Show HN: CodSpeed – Continuous Performance Measurement

jammycrisp · on July 13, 2023

> we measure the number of instructions and memory/cache accesses through CPU instrumentation performed with Valgrind. This approach gives repeatable and consistent results that couldn’t be obtained with a time based statistical approach, especially in extremely noisy CI and cloud environments.

This is a neat approach! I'm curious how well it maps to actual perf degradations though. Valgrind models an old CPU with a more naive branch predictor. For low-level branch-y code (say a native JSON parser), I'd be curious how well valgrind's simulated numbers map to real world measurements?

My probably naive intuition guesses that some low-level branchy code that valgrind thinks may be slower may run fine on a modern CPU (better branch predictor, deeper cache hierarchy).

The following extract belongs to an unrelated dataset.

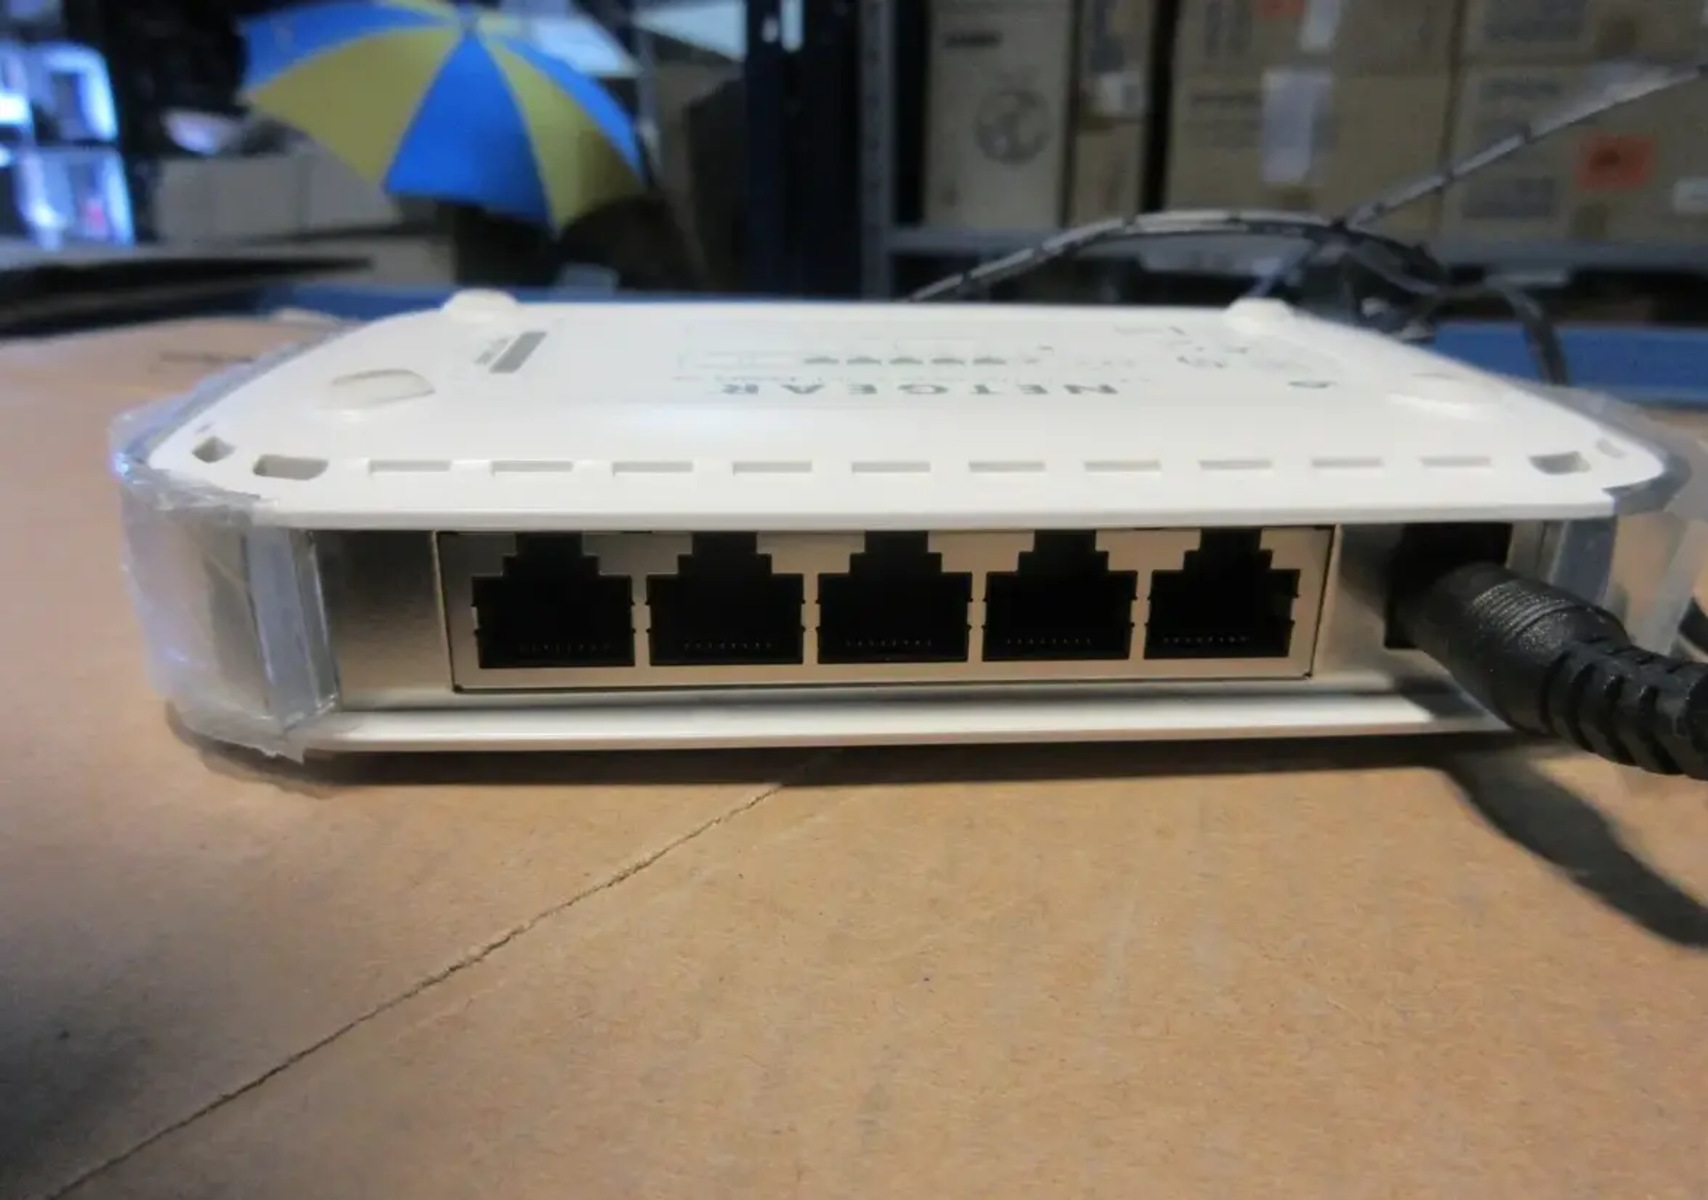 How To Connect A Netgear FS605 V3 5-Port 10/100 Mbps Network Switch

I'd expect false negatives to be rarer though - if valgrind thinks it's faster it probably is? What's your experience been like here?

art049 · on July 13, 2023

>This is a neat approach! I'm curious how well it maps to actual perf degradations though. Valgrind models an old CPU with a more naive branch predictor. For low-level branch-y code (say a native JSON parser), I'd be curious how well valgrind's simulated numbers map to real world measurements?

We didn't try it on this specific case but on we found that on branchy code valgrind does aggravate the branching cost. Probably, we could mitigate this issue by collecting more data relative to the branching and incorporate those in our reported numbers to map more accurately to the reality and more recent CPUs.

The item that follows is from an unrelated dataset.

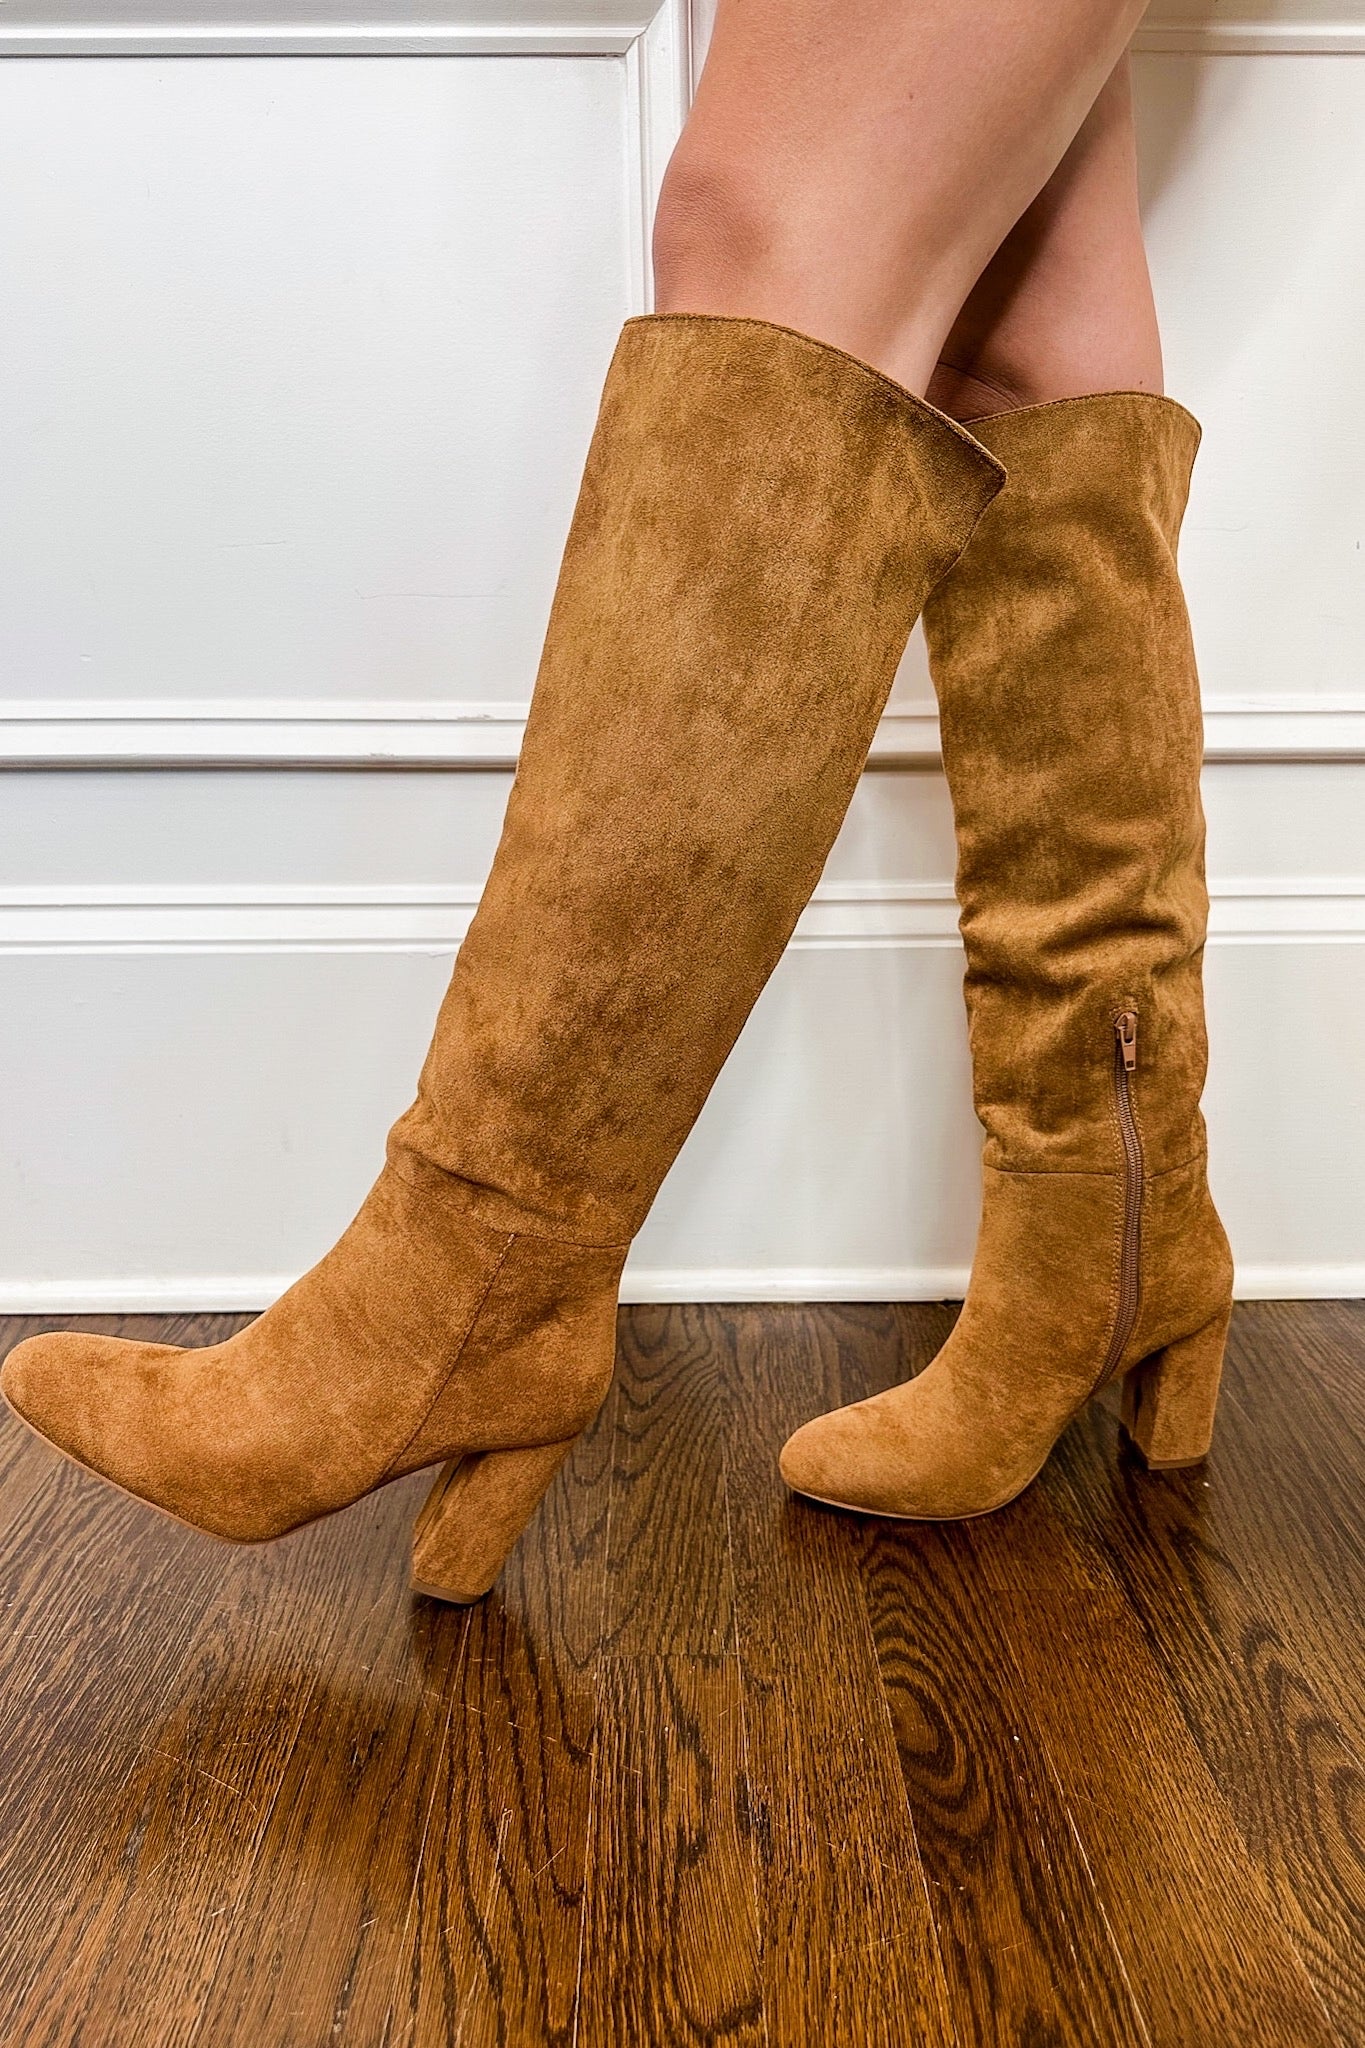 Chic Suede Camel Knee High Boots by Corkys

>My probably naive intuition guesses that some low-level branchy code that valgrind thinks may be slower may run fine on a modern CPU (better branch predictor, deeper cache hierarchy). I'd expect false negatives to be rarer though - if valgrind thinks it's faster it probably is? What's your experience been like here?

Totally! We never encountered a false positive in the reports yet. But as you mentioned since valgrind models an old CPU, it's likely to happen. But even though the cache simulated has a quite old, it still improves the relevance of our measures. When we have some time, we'd really enjoy refreshing the cache simulation of valgrind since it would probably eliminate some edge cases and reflect memory accesses more accurately.

foota · on July 13, 2023

Seems interesting... how did you land on valgrind vs some other means of simulation? Looking at valgrind, it sounds like cachegrind? Imo seems like the biggest gap is non instruction, non cache sources of latency, like mutex contention or kernel slowness? (Or does it capture kernel delays?)

Pur most recent performance issues have been from someone accidentally creating a new thread pool in a request, from generating tons of stack traces in an error handling path, and from some thread hop delays. Sounds like the first two would probably be caught but maybe not the third?

on July 13, 2023

[deleted]